Microbial 'omics

This article describes various ways to import taxonomy into anvi’o.

If what you find here does not solve your problem, please feel free to suggest new ways to deal with taxonomy, by entering an issue.

Anvi’o accepts taxonomic annotation at the gene level. Annotations in your files should correspond to open reading frames in your contigs, hence, taxonomical annotations should be done on FASTA files exported from the anvi’o contigs database. The basic workflow goes like this: (1) generate your contigs database, (2) export your gene sequences, (3) annotate them with taxonomy, and (4) import results back into your contigs database using anvi-import-taxonomy program.

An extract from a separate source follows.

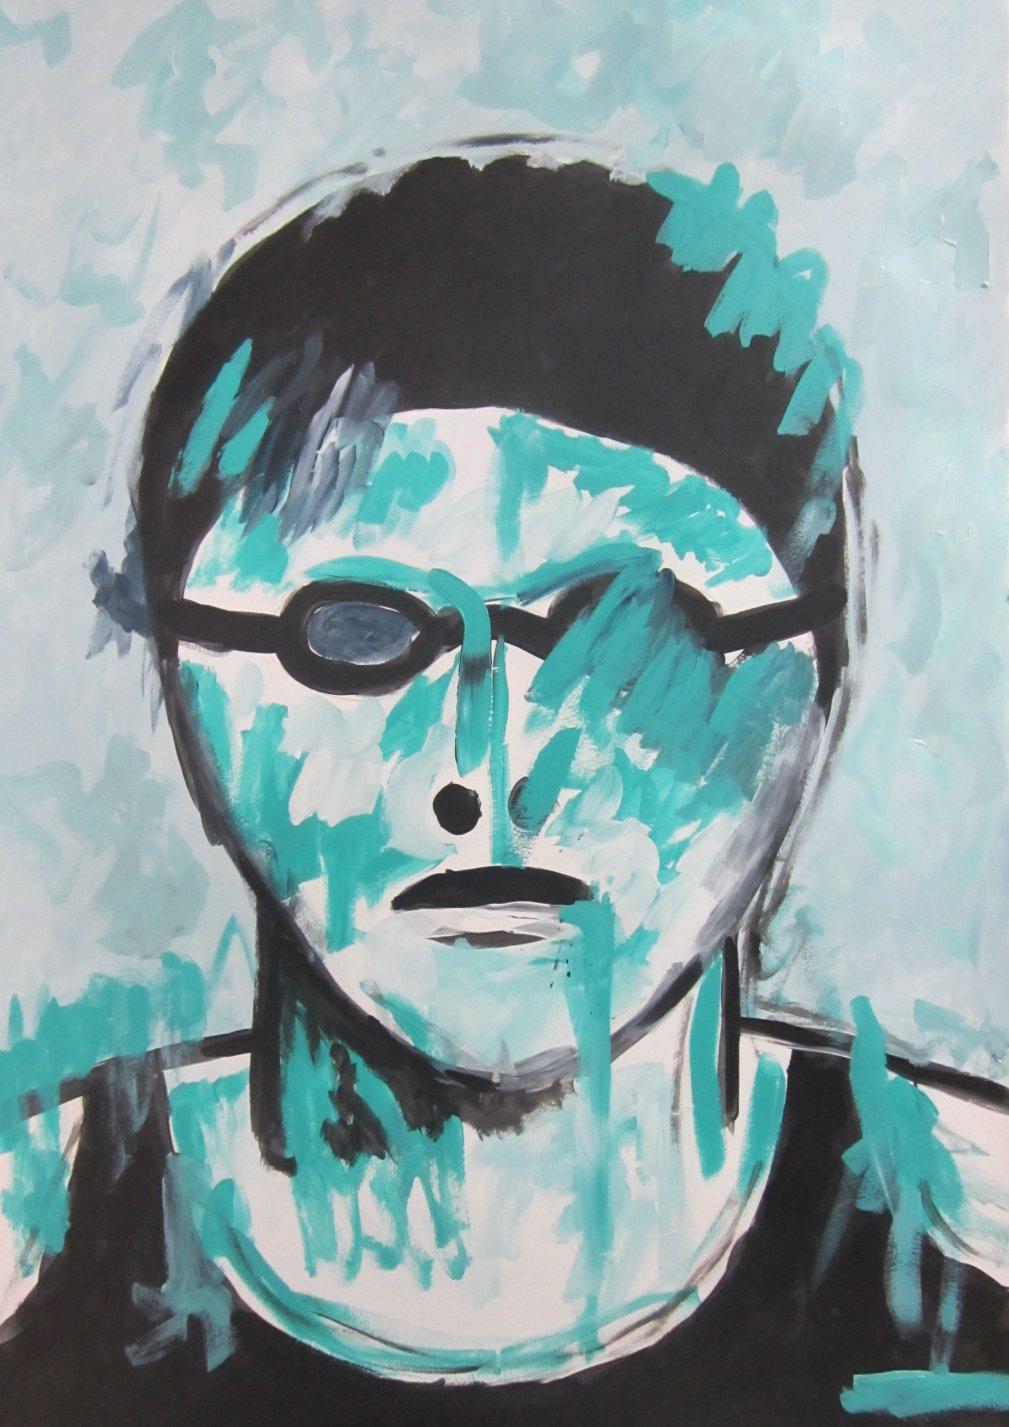 NADADOR BLUE (2021) - Francisco Serrano Gutierrez - F.Serrano

Important note: There are many ways to have your genes annotated with taxonomy. But, there is only one way to make sure the gene IDs in your taxonomy files correspond to the gene caller IDs in the database: export your DNA or AA sequences from the anvi’o contigs database you wish to annotate using anvi’o programs anvi-get-dna-sequences-for-gene-calls or anvi-get-aa-sequences-for-gene-calls.

Table of Contents

Simple matrix

This is the simplest way to get the taxonomical annotation of genes into the contigs database. The TAB-delimited input matrix should follow this format:

gene_callers_id t_phylum t_class t_order t_family t_genus t_species
1           Bacteroides fragilis
2           Bacteroides fragilis
3           Bifidobacterium longum
5           Bifidobacterium longum
7           Bifidobacterium longum
(…) (…) (…) (…) (…) (…) (…)

Not every gene call has to be in the matrix, and not every level of taxonomy has to be present, anvi’o will find a way to deal with that, but the more the merrier.

Once you have your matrix ready, this is the command line to import it using the parser default_matrix:

$ anvi-import-taxonomy -c CONTIGS.db -i input_matrix.txt -p default_matrix

That’s it!

Centrifuge Output

Anvi’o has a parser for centrifuge. Please see this recipe to download and set up centrifuge.

Assuming you generated an anvi’o contigs database. To import taxonomy into this contigs database, first you will export all gene calls:

$ anvi-get-dna-sequences-for-gene-calls -c CONTIGS.db -o gene-calls.fa

Then you will run the following command:

$ centrifuge -f -x $CENTRIFUGE_BASE/p+h+v/p+h+v gene-calls.fa -S centrifuge_hits.tsv

If the environment variable $CENTRIFUGE_BASE is not properly set, you will get an error. See the export instructions here to try again.

This step takes about one minute on my laptop for 40,000 genes.

When centrifuge is done running, you should find two files in your work directory, which you will import into anvi’o. These files are centrifuge_report.tsv, and centrifuge_hits.tsv. Just to make sure that they are not empty, feel free to run this command:

$ wc -l centrifuge_report.tsv centrifuge_hits.tsv
    4666 centrifuge_report.tsv
  215625 centrifuge_hits.tsv
  220291 total

Fine. It is time to import these results! To do this, you will use the program anvi-import-taxonomy with the parser for centrifuge:

$ anvi-import-taxonomy -c CONTIGS.db -i centrifuge_report.tsv centrifuge_hits.tsv -p centrifuge

You can use any file name you like, however, the order of input files is important: following the parameter -i, you should first declare the report file, and then the hits file.

This is it. If everything went alright, the interactive interface and anvi’o summary results should contain taxonomy information.